--- INFORMATION SUPPLIED Enclosed Below ---
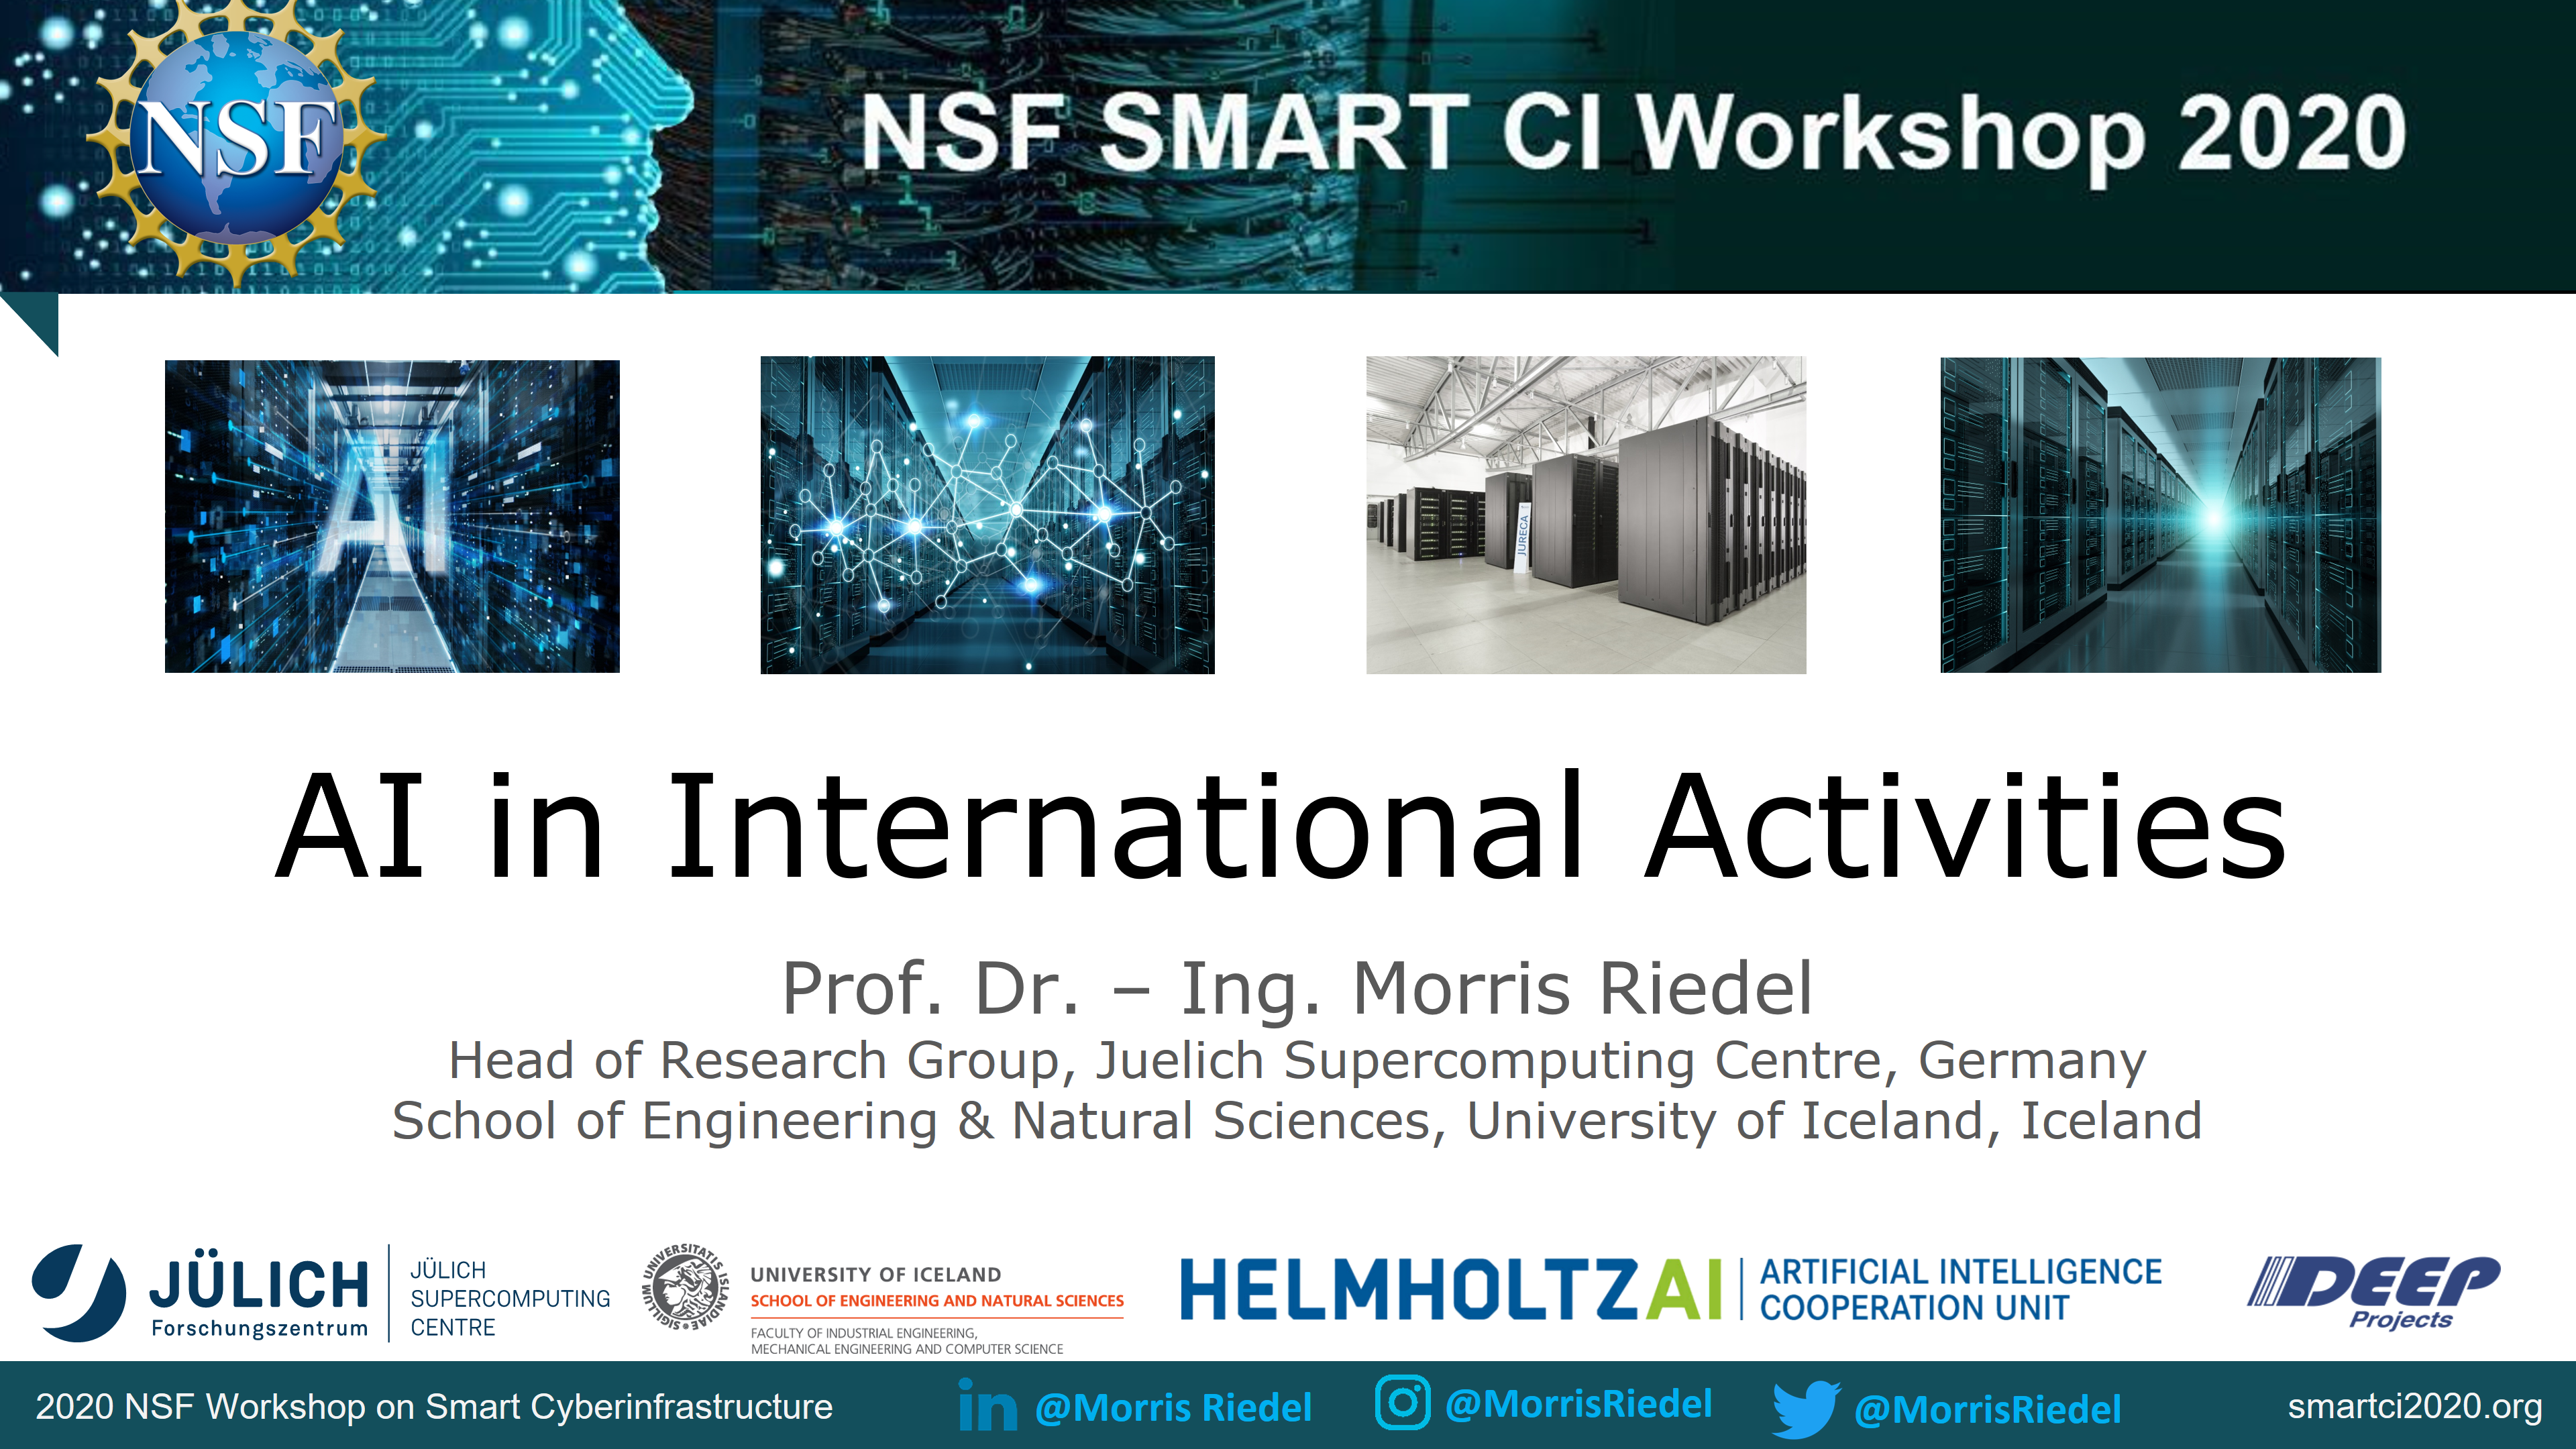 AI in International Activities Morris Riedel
--- End of Enclosed INFORMATION SUPPLIED ---
--- INFORMATION SUPPLIED Enclosed Below ---
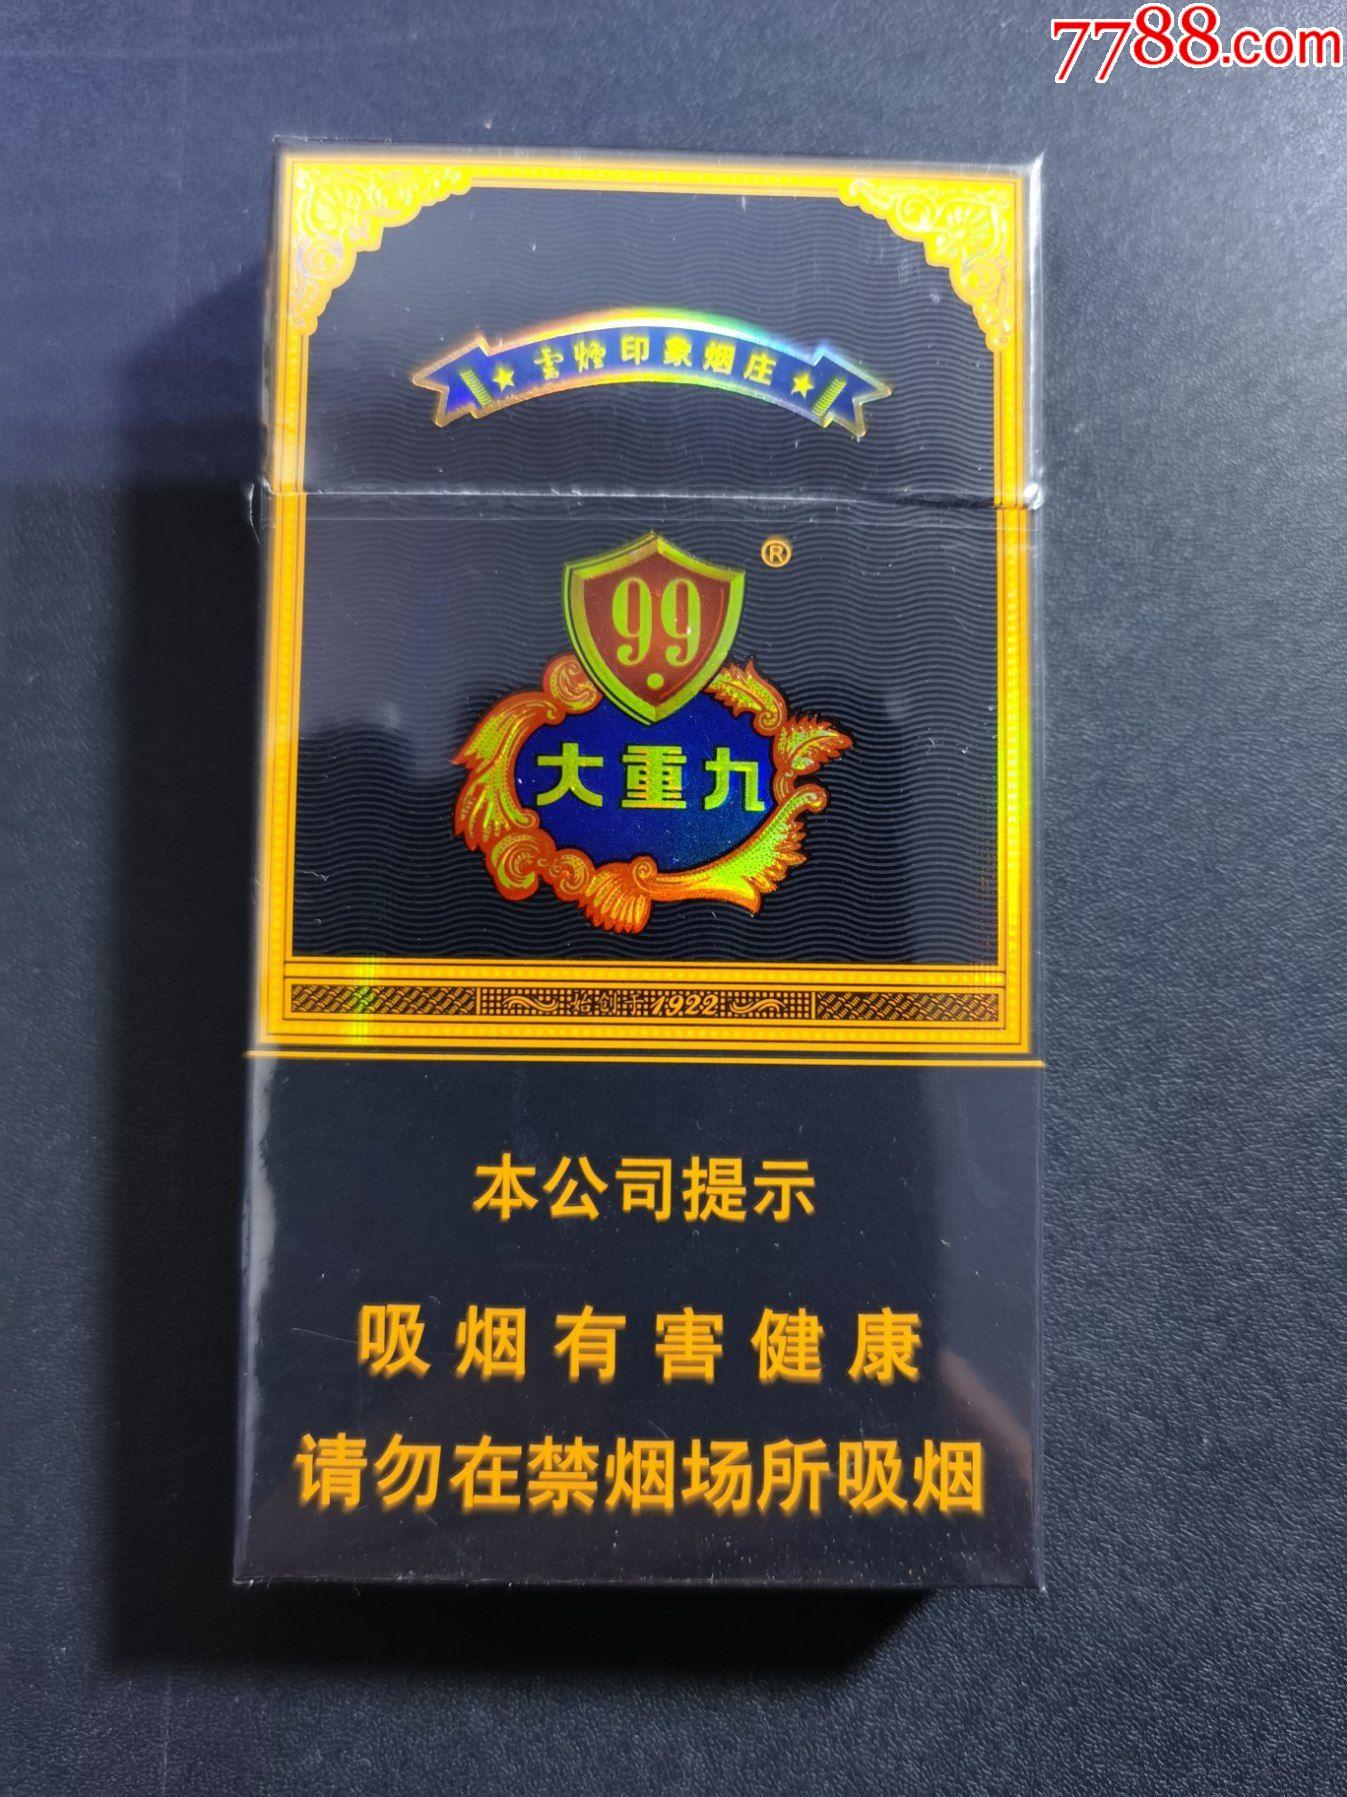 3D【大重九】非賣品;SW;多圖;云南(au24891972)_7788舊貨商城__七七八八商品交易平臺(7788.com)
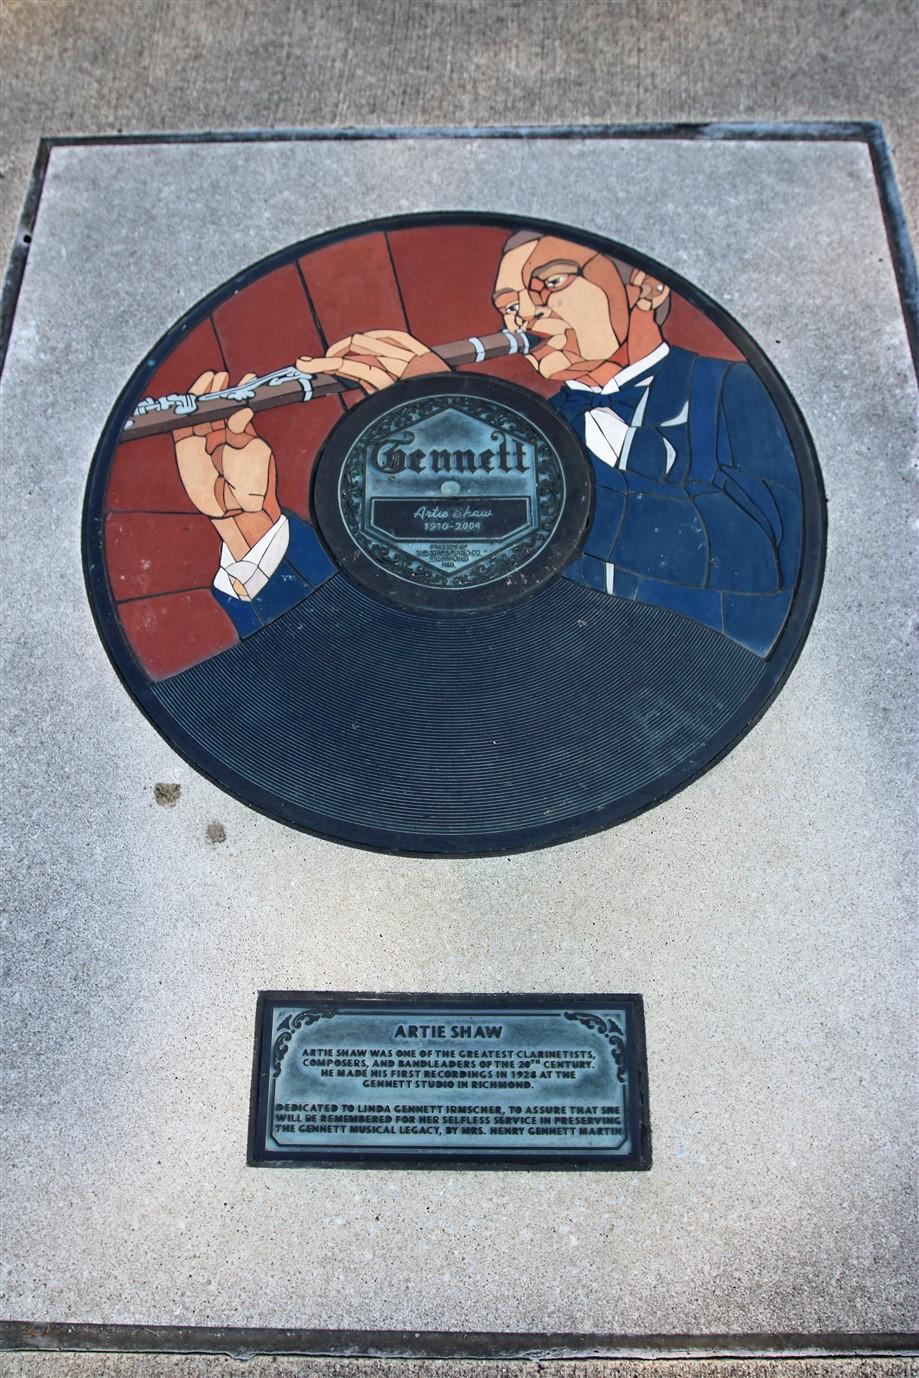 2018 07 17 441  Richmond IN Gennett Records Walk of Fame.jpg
--- End of Enclosed INFORMATION SUPPLIED ---
### WORK REQUEST
Copy exactly, without pictures, the lines above from the one with "3D【大重九】非賣品;SW;" down to the one with "2018 07 17 441", inclusive.

### TASK RESPONSE
 3D【大重九】非賣品;SW;多圖;云南(au24891972)_7788舊貨商城__七七八八商品交易平臺(7788.com)
 2018 07 17 441  Richmond IN Gennett Records Walk of Fame.jpg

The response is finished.